[Dataset entries]
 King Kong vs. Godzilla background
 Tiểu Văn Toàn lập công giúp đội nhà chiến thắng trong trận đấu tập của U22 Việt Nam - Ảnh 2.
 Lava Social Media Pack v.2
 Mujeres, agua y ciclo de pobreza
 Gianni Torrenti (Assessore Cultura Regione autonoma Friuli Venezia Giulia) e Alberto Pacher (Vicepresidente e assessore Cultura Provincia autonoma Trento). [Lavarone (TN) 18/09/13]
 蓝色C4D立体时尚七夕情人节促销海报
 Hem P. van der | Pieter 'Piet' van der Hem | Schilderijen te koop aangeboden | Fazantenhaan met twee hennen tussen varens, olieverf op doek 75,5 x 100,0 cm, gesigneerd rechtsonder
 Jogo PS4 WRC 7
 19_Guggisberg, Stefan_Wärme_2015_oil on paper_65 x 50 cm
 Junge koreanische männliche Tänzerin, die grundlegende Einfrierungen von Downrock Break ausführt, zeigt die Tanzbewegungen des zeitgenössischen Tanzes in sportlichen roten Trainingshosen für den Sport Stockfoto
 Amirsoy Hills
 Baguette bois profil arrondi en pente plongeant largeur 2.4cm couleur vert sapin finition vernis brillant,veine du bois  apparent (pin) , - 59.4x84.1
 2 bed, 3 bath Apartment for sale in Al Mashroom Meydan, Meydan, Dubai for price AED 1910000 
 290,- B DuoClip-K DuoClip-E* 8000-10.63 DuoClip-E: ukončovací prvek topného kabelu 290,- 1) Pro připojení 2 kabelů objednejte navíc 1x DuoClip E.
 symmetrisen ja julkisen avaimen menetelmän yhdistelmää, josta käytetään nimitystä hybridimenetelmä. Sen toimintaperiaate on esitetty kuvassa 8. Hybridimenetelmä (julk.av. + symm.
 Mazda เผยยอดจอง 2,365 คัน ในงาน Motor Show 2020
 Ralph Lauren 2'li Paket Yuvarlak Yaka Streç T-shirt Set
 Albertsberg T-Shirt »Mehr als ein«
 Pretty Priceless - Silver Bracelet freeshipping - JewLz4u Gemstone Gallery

> _Work to complete_: Working from the records above, write out verbatim only the lines from the line containing "Junge koreanische männliche" through the line containing "Amirsoy Hills".

> _Result of this task_:
 Junge koreanische männliche Tänzerin, die grundlegende Einfrierungen von Downrock Break ausführt, zeigt die Tanzbewegungen des zeitgenössischen Tanzes in sportlichen roten Trainingshosen für den Sport Stockfoto
 Amirsoy Hills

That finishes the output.